Phenotypes of the cochleata (coch) and symmetric petals (syp1) mutants in pea. (A) Petals of the wild type (JI116) and the coch mutant (JI2757) possess dorsal-ventral (DV) differentiation. (B) Petals of the wild type (Terese) and the syp1 mutant (JI2757) possess DV differentiation. (C) Petals of the F₁ plants (coch × Terese, coch × syp1) possess DV differentiation. (D) Petals of the coch syp1 double mutant possess DV differentiation. The red lines indicate the internal (IN) asymmetry and the dotted lines indicate the abolishment of IN asymmetry. The arrows indicate the cutting at the ventral petals so as to flatten the petals.
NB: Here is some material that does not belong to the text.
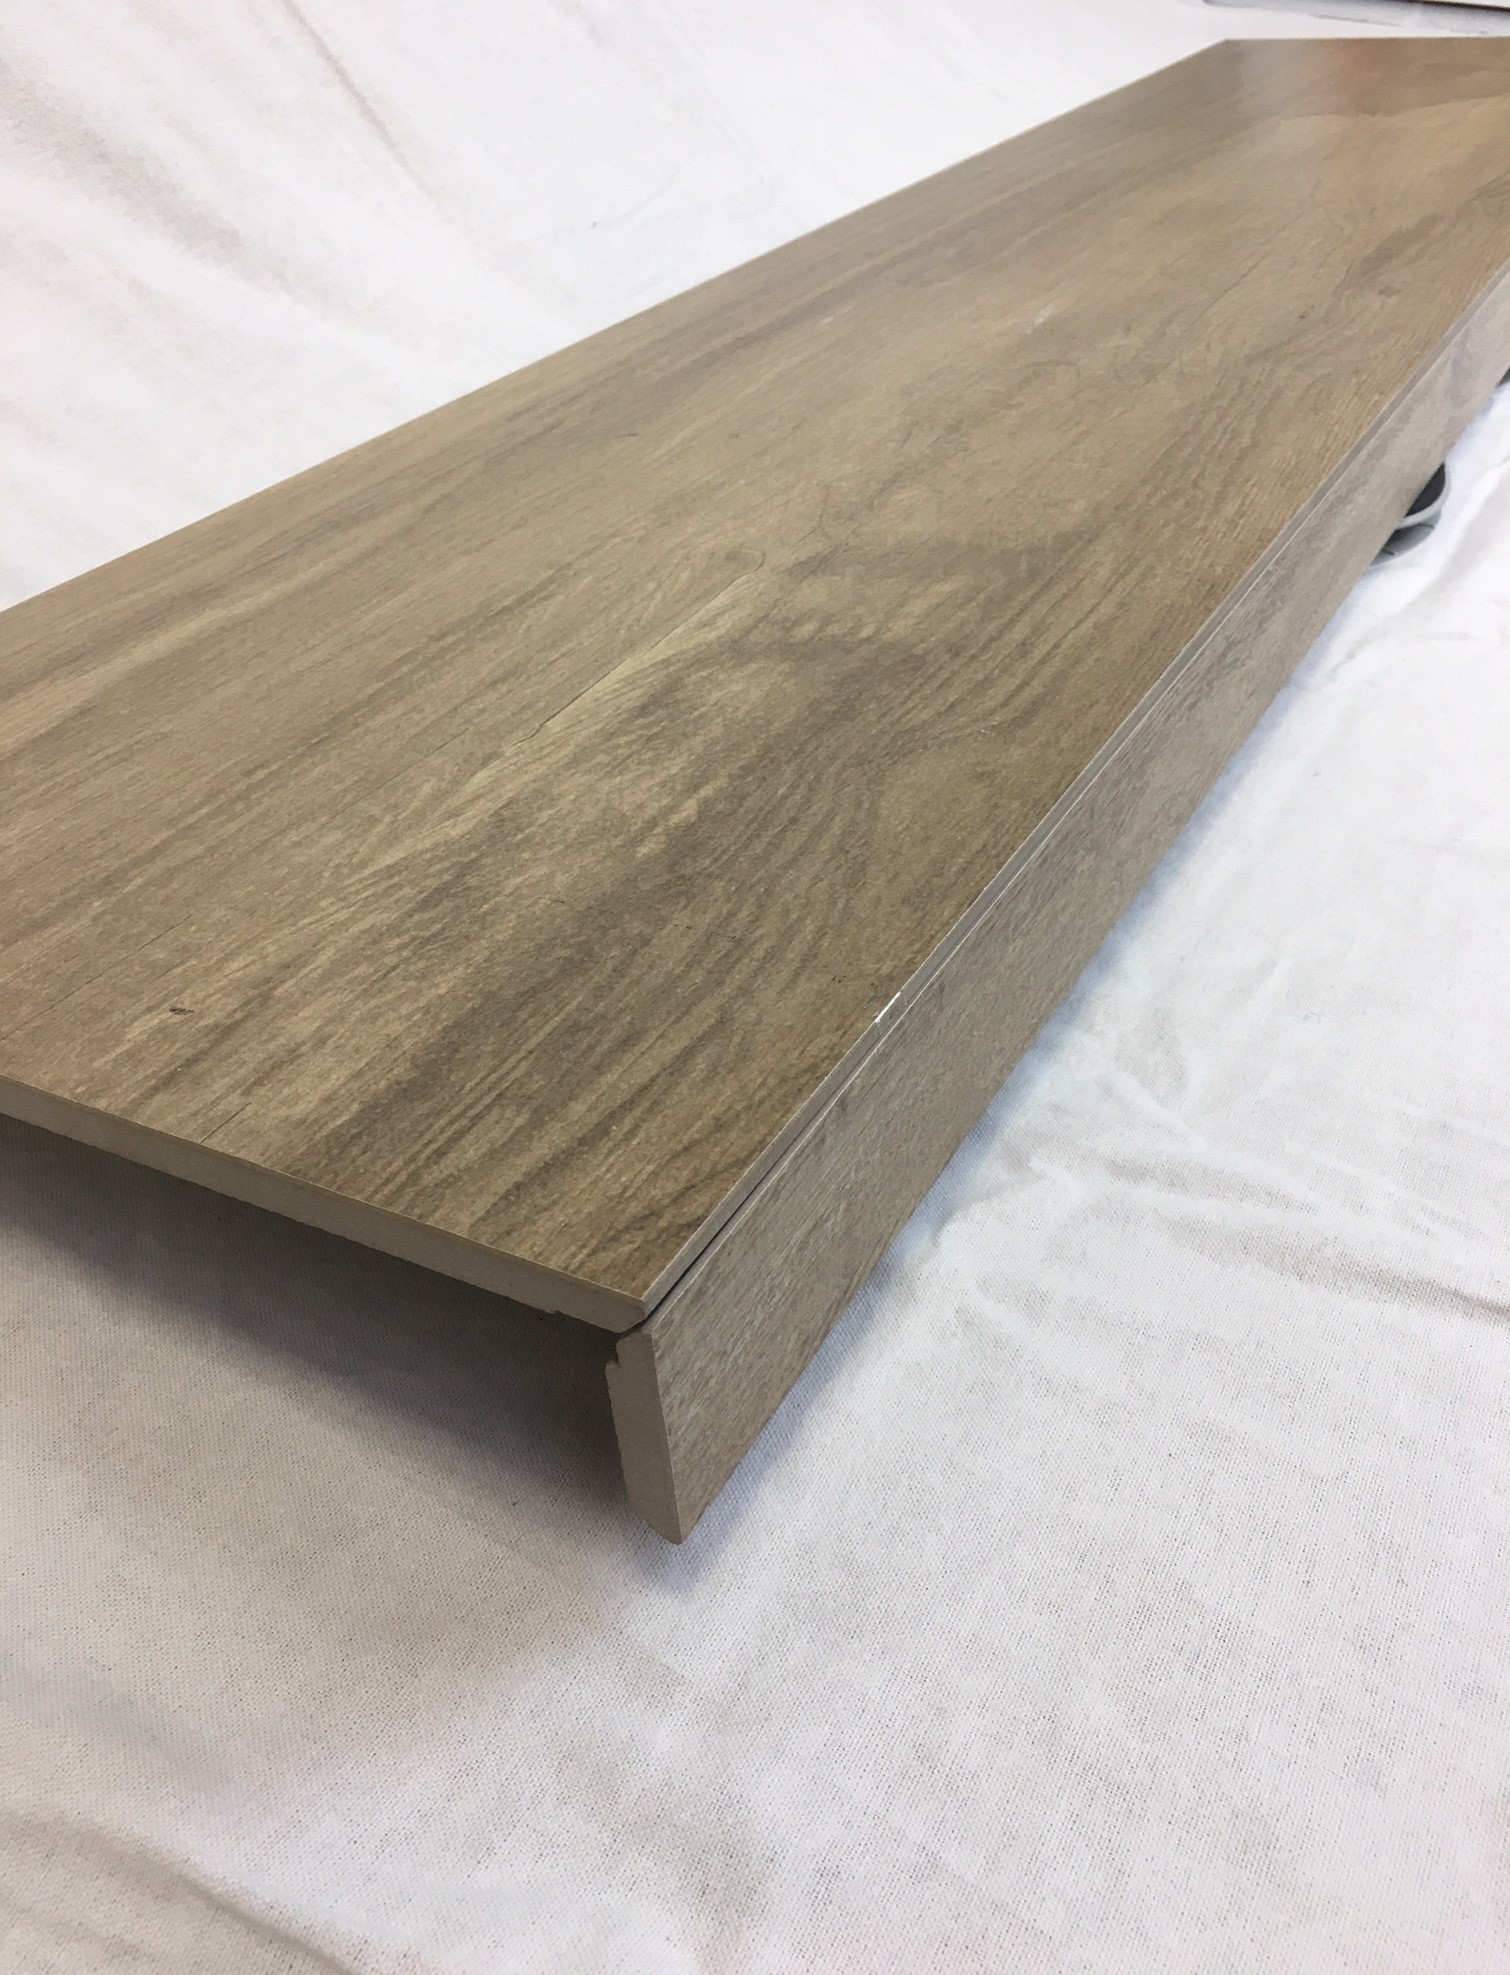 Oak Wood-Effect Linear Leather Step 30x120 with 5cm flap.

DP, the dorsal petal; LP, the lateral petal; VP, the ventral petal. (A–D) Scale bar = 1 cm.

Figure 2

Molecular characterization of SYP1. (A) Comparative mapping and syntenic analysis of syp1 in pea and Medicago truncatula. The dotted lines indicate the homologous markers in the syntenic region. (B) The gene structure of Psat6g053880. The black boxes represent the exons and the black line represents the intron. (C) The gene expression levels in the different organs of the syp1 mutant and the wild-type plants. (D) PCR amplification of the genomic fragment of Psat6g053880 in Terese, the syp1 mutant, JI992, and JI2822. (E) The lateral petals and ventral petals of the wild-type plants and VIGS-SYP1 silenced plants with strong and weak phenotypes. The red lines indicate the IN asymmetry and the dotted lines indicate the abolishment of IN asymmetry. VA, vegetative apices; RA, reproductive apices RA; FBS, 2-mm floral buds; FBL, 5-mm floral buds; DP, the dorsal petal; LP, the lateral petal; VP, the ventral petal.

Figure 3

Phylogenetic analysis and sequence alignments of ALOG proteins. (A) The neighbor-joining tree of members of the ALOG gene family in pea and Arabidopsis. The bootstrapping value is located in each node as percentages along the branches. Red line indicates the branch including AtLSH3, SYP1 and SYL1. (B) The alignment of SYP1, SYL1, Medtr1g069825, Medtr7g097030, Lj5g3v1083950, Lj1g3v4515410, and AtLSH3 proteins using full-length amino acid sequences. The ALOG domain is indicated by a black line.

Figure 4

Phylogenetic analysis of LSH3 orthologs in legumes. (A) The neighbor-joining tree of AtLSH3 orthologs in legume plants. The bootstrapping value is located in each node as percentages along the branches. Red lines indicate two proteins in pea, SYP1 and SYL1. (B) The lateral petals and ventral petals of the wild type and VIGS-SYP1 and VIGS-SYL1 silenced plants. The red lines indicate the IN asymmetry and the dotted lines indicate the abolishment of IN asymmetry. The arrow indicates where the ventral petal was cut to flatten the petal. DP, dorsal petal; LP, lateral petal; VP, ventral petal.

Figure 5

Spatiotemporal expression pattern and subcellular localization of SYP1. (A,C) SYP1 gene expression was detected in developing flowers. (B,D) COCH gene expression was detected in developing flowers. (E,F) The SYP1 and COCH sense probes were used as the negative controls. No hybridization signal was detected in developing flowers. St, Stamen; Sp, Sepal; Pe, Petal; Ca, Carpel. (A–F) Scale bars = 100 μm. (G–J) Subcellular localization of SYP1 fusion proteins in mung bean protoplasts by YFP or mCherry fluorescence. The fluorescent fusion proteins were expressed in mung bean protoplasts and visualized by confocal microscopy. (G–J) Subcellular localization analysis of SYP1-YFP together with the nuclear marker OsARF4-mCherry. The cells were analyzed for yellow fluorescence emission, mCherry fluorescence emission, and under bright-field illumination 12 h after transformation. Scale bar = 5 μm.

Figure 6

COCH interacted with SYP1. (A) Yeast two-hybrid assays for COCH and SYP1. The bait protein was expressed as a binding domain fusion and the indicated prey proteins were expressed as activating domain fusions in yeast AH109 cells. Transformed yeast was grown on selective media lacking Leu and Trp (-2) or lacking Ade, His, Leu, and Trp (-4) plus X-α-Gal to test protein interaction. 10⁰, 10⁻¹, 10⁻² and 10⁻³ represent dilution series. (B) COCH was co-immunoprecipitated with SYP1. (C) Degradation assay of His-SYP1 performed in a pea cell-free system with or without MG132. (D) Degradation assay of His-SYP1 performed in a pea cell-free system with COCH or GST. (E) Degradation assay of His-SYP1 performed in a pea cell-free system with or without MG132 and different amounts of COCH.